Les taxes, impôts religieux et extorsions. Il s’agirait de la deuxième source de revenus de l’organisation, estimés à 360 millions de dollars par an (337 millions d'euros). Il faut dire que Daech a la main lourde et taxe à tout va. Tout passage sur son territoire se paie, qu’il s’agisse de personnes ou de biens. Les commerçants et les entreprises doivent également payer une taxe : dans son rapport, le Congrès américain affirme que les pharmacies de Mossoul doivent reverser entre 10 et 35% de leur chiffre d’affaires. De même, les retraits dans les banques qui existent encore seraient ponctionnés à hauteur de 5%.

Le gouvernement irakien affirme par ailleurs que tous ceux qui suivent des études doivent payer un forfait chaque année : 22 dollars pour le cycle primaire, 43 dollars pour le secondaire et 65 dollars pour l’université. Il y a enfin l’impôt religieux imposé aux non-musulmans, baptisé "jizyah" : tous les monothéistes qui vivent sous la domination de Daech et refusent de se convertir doit le payer ou fuir. Quant aux polythéistes de la région, leur sort est pire : ils sont promis à l’esclavage, notamment sexuel, comme c’est le cas pour les Yézidis.

Mais cette source est elle aussi en train de se tarir : Daech a perdu du terrain, et donc des territoires sur lesquels il peut imposer ses taxes. De plus, toutes les élites de la région ont fini par fuir, privant l’organisation d’autant de taxes.  

Le trafic d’antiquités. Si l’organisation djihadiste a soigneusement mis en scène la destruction de nombreux sites archéologiques, souvent classés au patrimoine de l’Humanité, elle a en revanche pris le soin d’en extraire toutes les antiquités qui pouvaient être transportées et vendues. Daech a également pillé de nombreux musées et collections personnelles.
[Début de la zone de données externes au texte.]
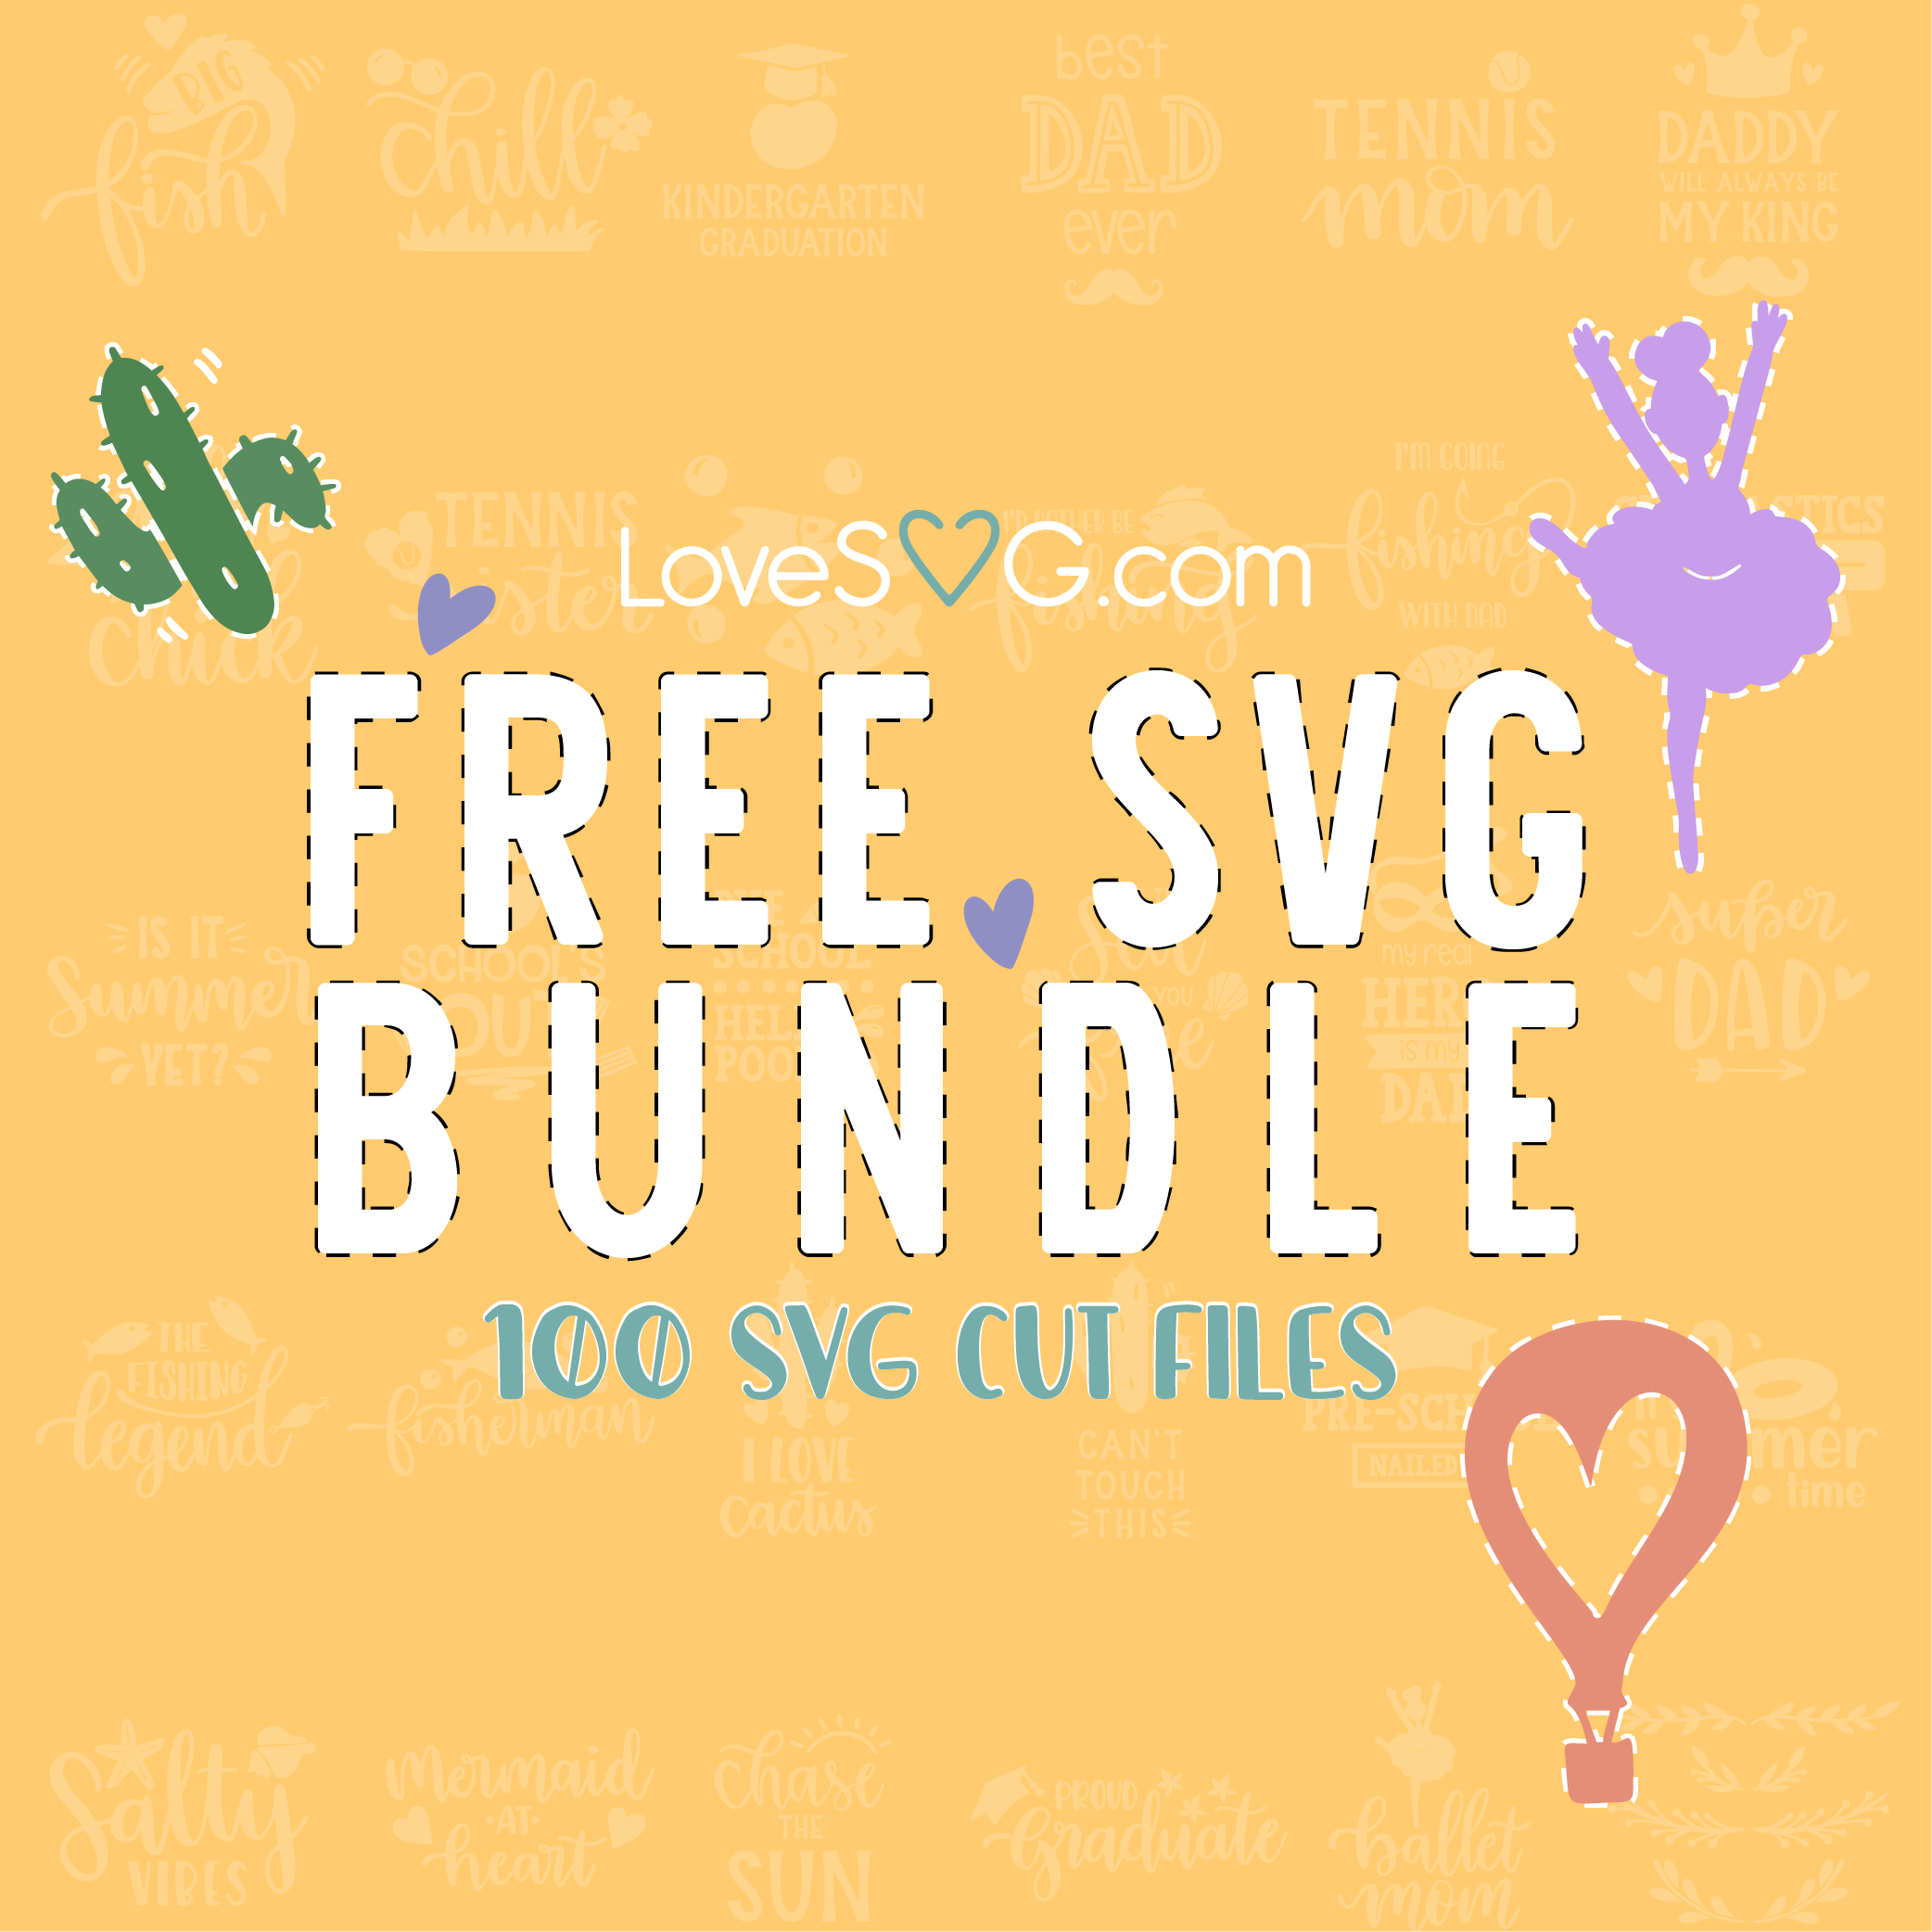 Download Free SVG Bundle Vol. 1 - Lovesvg.com
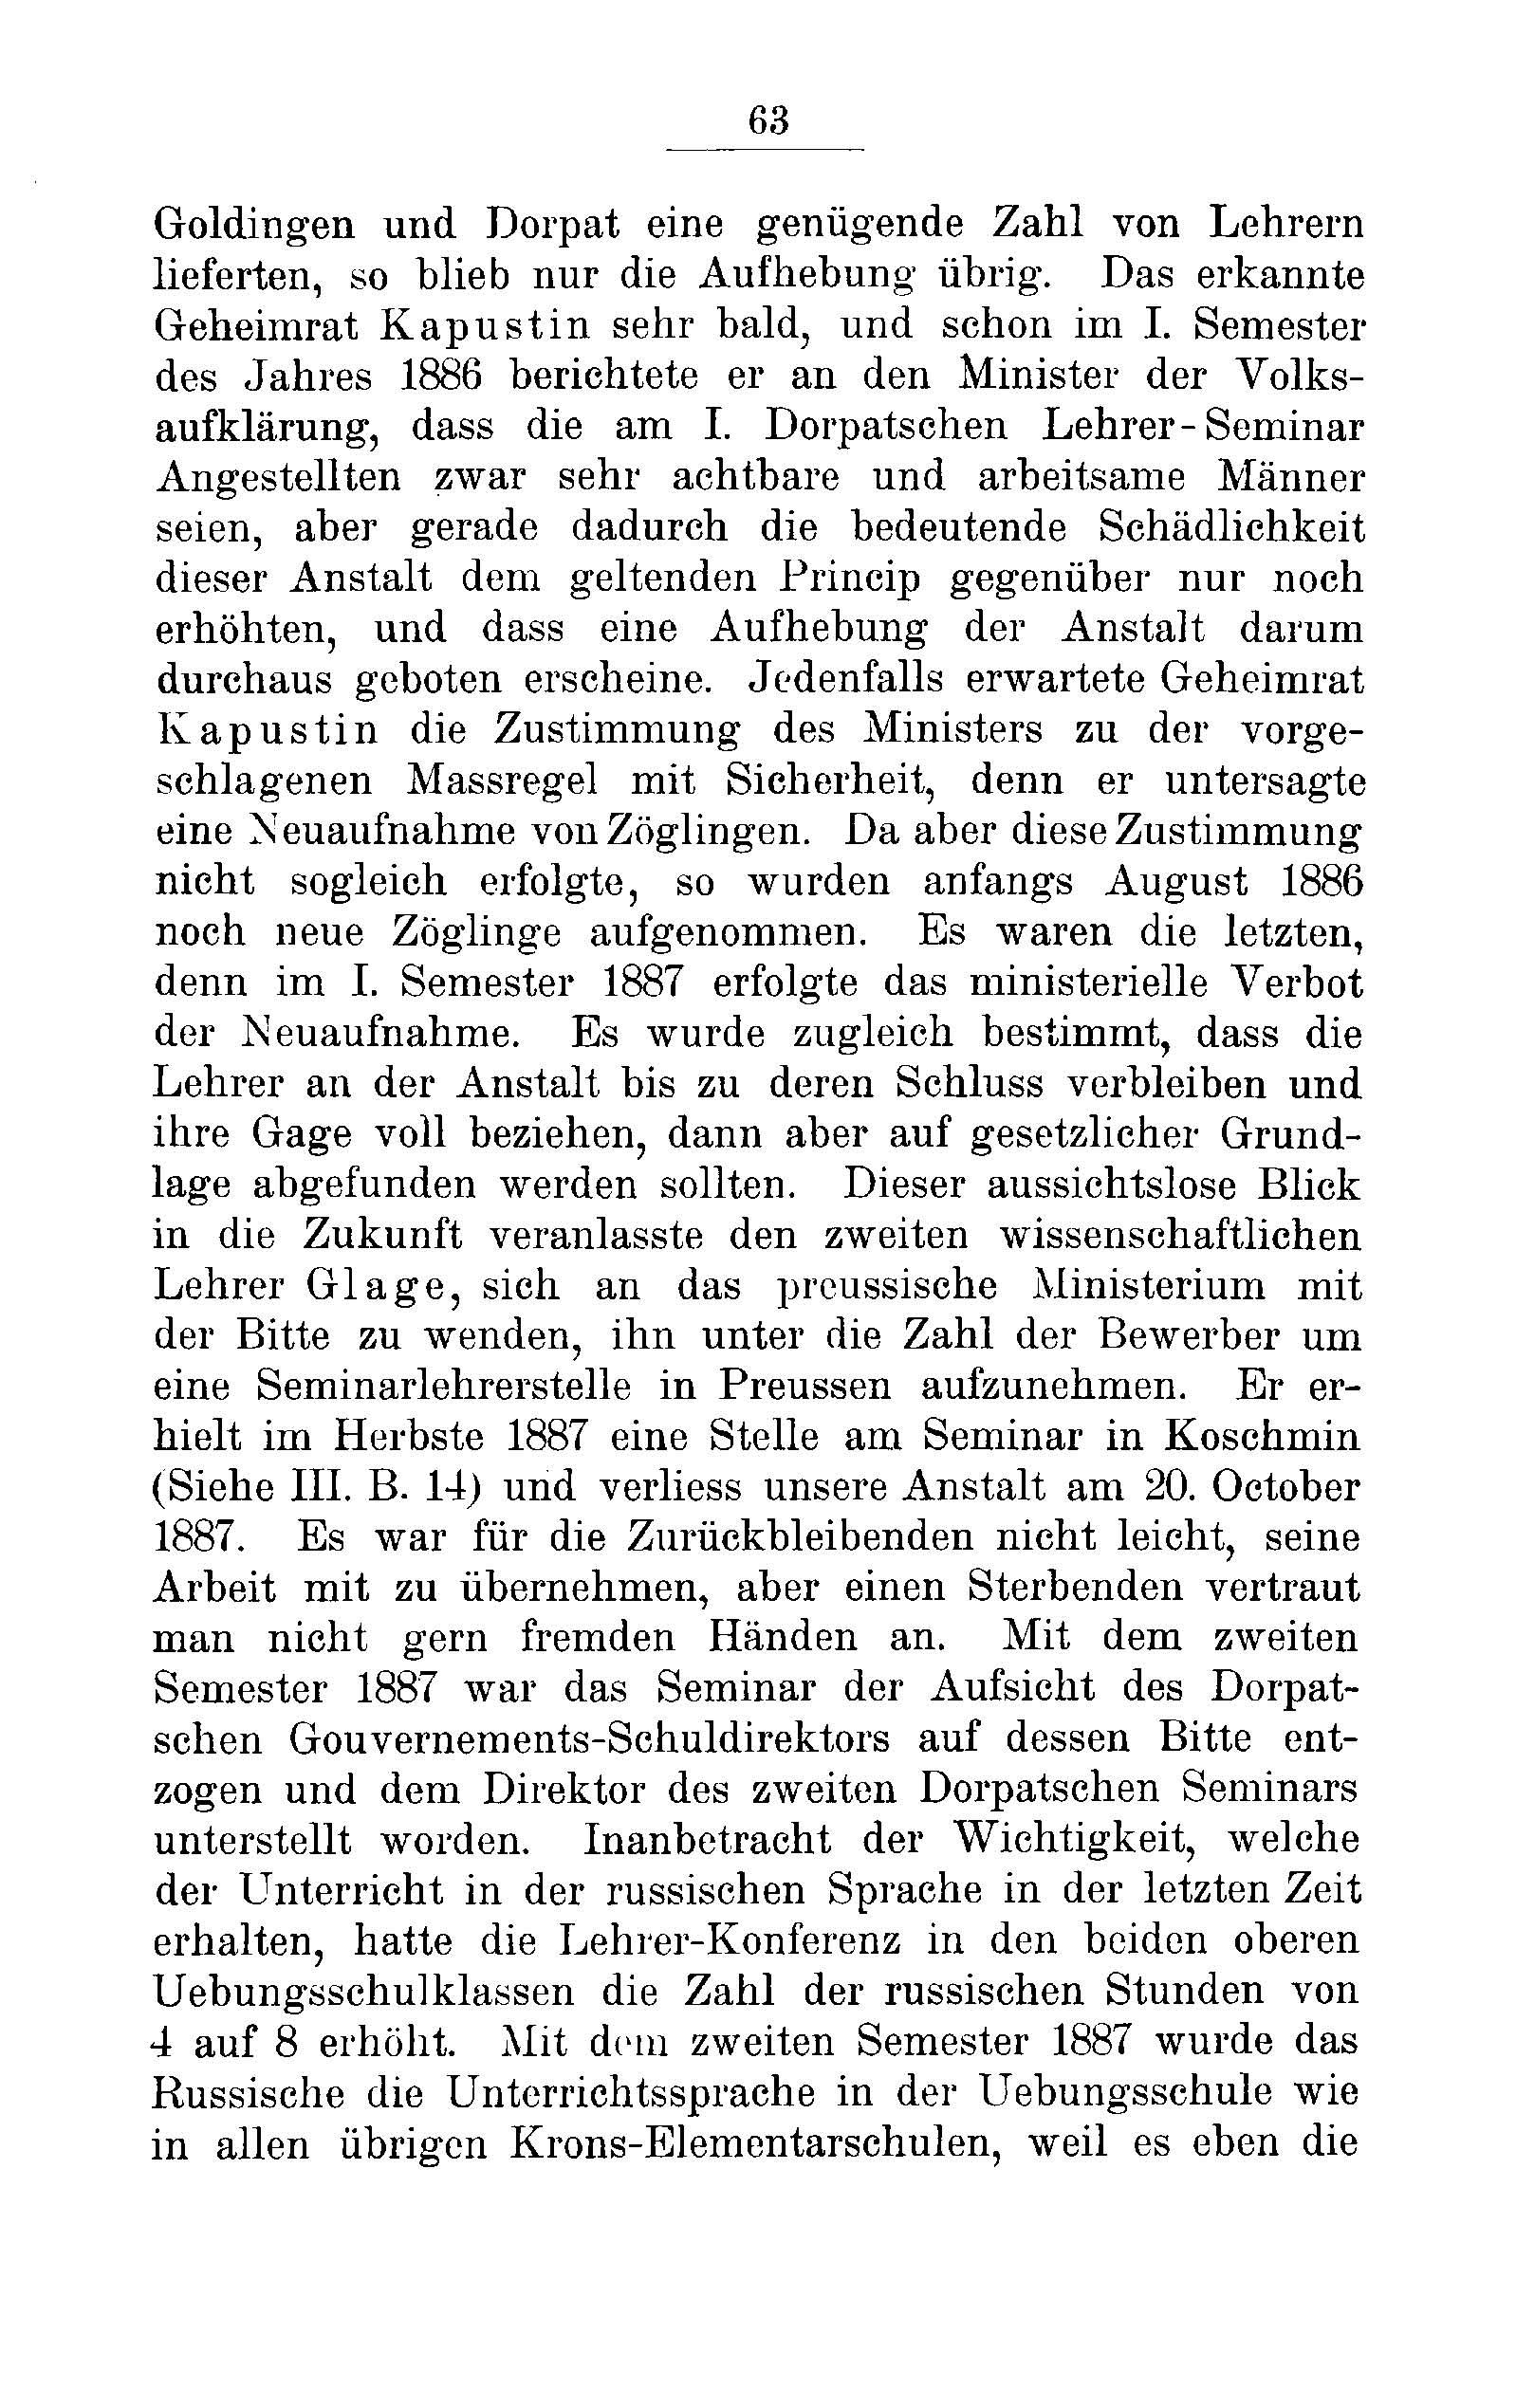 Das Erste Dorpatsche Lehrer-Seminar (1890) | 66. Основной текст

Peu de temps après, de nombreuses antiquités sont apparues chez les antiquaires de Munich, de Londres ou de Suisse, preuve que l’organisation n’a pas tout détruit et mis en place des filières d’exportation. Dans son rapport, le Congrès américain précise même que Daech accorde des permis d’exploitation en échange d’une commission sur les ventes allant de 20 à 50%. Ce qui rapporterait 100 millions de dollars par an (93 millions d'euros), une manne qui risque là aussi de se tarir après que de nombreux Etats aient renforcé leurs contrôles.

Les enlèvements. Daech a exhibé et exécuté de nombreux otages, prenant soin de médiatiser ces assassinats. Mais la plupart des personnes que l’organisation enlève ne sont pas tuées : elles permettent de réclamer d’importantes rançons. Le tarif exigé pour un occidental peut aller jusqu’à 5 millions de dollars, un chiffre impossible à vérifier. Mais Daech enlève également des locaux, dont la "valeur" varierait entre 500 et 200.000 dollars. Le Congrès américain estime que ces enlèvements rapportent de 35 à 45 millions de dollars par an (33 à 42 millions d'euros), une manne là aussi en train de se tarir : les personnes à s’aventurer sur le territoire de Daech et même dans le reste de la Syrie sont de plus en plus rares.

Les dons militants. Dernière ressource sur laquelle Daech peut compter : l’argent versé par de riches donateurs et une minorité d’ONG islamiques. La plupart des fonds proviendraient de la péninsule arabique, majoritairement de l’Arabie Saoudite, du Koweït et du Qatar. Les sommes ainsi récoltées atteindrait jusqu’à 40 millions de dollars (37 millions d'euros), mais les circuits empruntés sont de plus en plus surveillés malgré la persistance de nombreuses places financières opaques (Liban, Bahreïn, Dubaï mais aussi Londres). Il est important de préciser que cet argent provient de particuliers, les Etats ayant eux décidé de financer certaines organisations islamistes concurrentes de Daech. Sauf qu’une partie d’entre elles ont depuis rejoint les rangs de l’organisation terroriste.